Because we invest in the earliest cycles of business formation, we take a portfolio building approach to early stage investing so as a result we make more bets than most VC’s our size. We simply believe that having a broad portfolio creates a natural hedge against the unpredictable and binary nature of early stage investing. A broad portfolio also gives us the latitude of being just a little correct and a bit lucky to hit outsize returns. But if on the other hand we’re completely wrong, this approach won’t significantly impact our downside. It’s not quite “spray and pray” as the armchair investors like to say but more a “sprinkle and reflect” approach. For us it’s analogous to “buying a front row seat to the future” with a modest initial bitesize then observe and learn from a unique vantage point. However, we are always eager to exponentially increase our position once we’ve seen actual data of market validation and commercial traction.

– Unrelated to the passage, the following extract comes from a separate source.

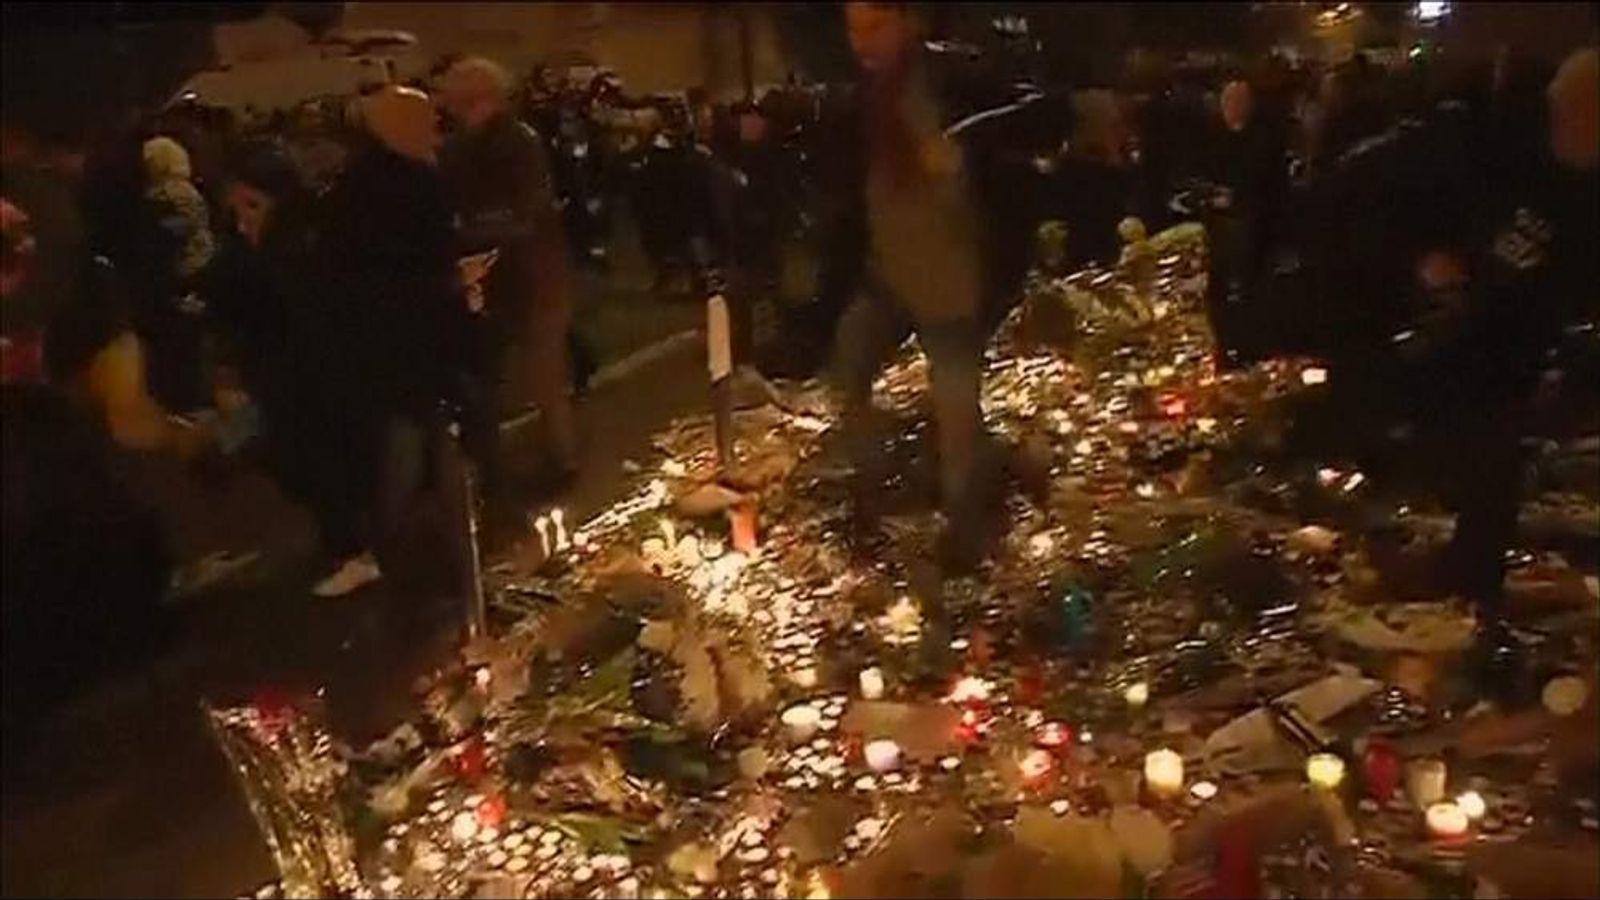 People panic after hearing screams near the Place de Republique in Paris

In our US practice, we mostly take a co-investment approach to help emerging companies bridge the “post angel and pre-venture” gap, which was the most challenging phase we experienced as founders. We usually start with an average initial bitesize of $250-350K and can follow-on until $1.5 to $2M if the thesis is proving itself out.
We also don’t mind leading rounds when we feel that we are in the best position to do so and like to bring in co-investors who can add value. We are also just as comfortable to take a backseat, join a syndicate and help out whenever we are asked. The combination of portfolio building and co-investments have enabled us to invest in over 300 companies and co-invest with over 200 early stage investors since we started in 2003. These form a powerful network which supports pattern recognition, diligence, co-investment and business development.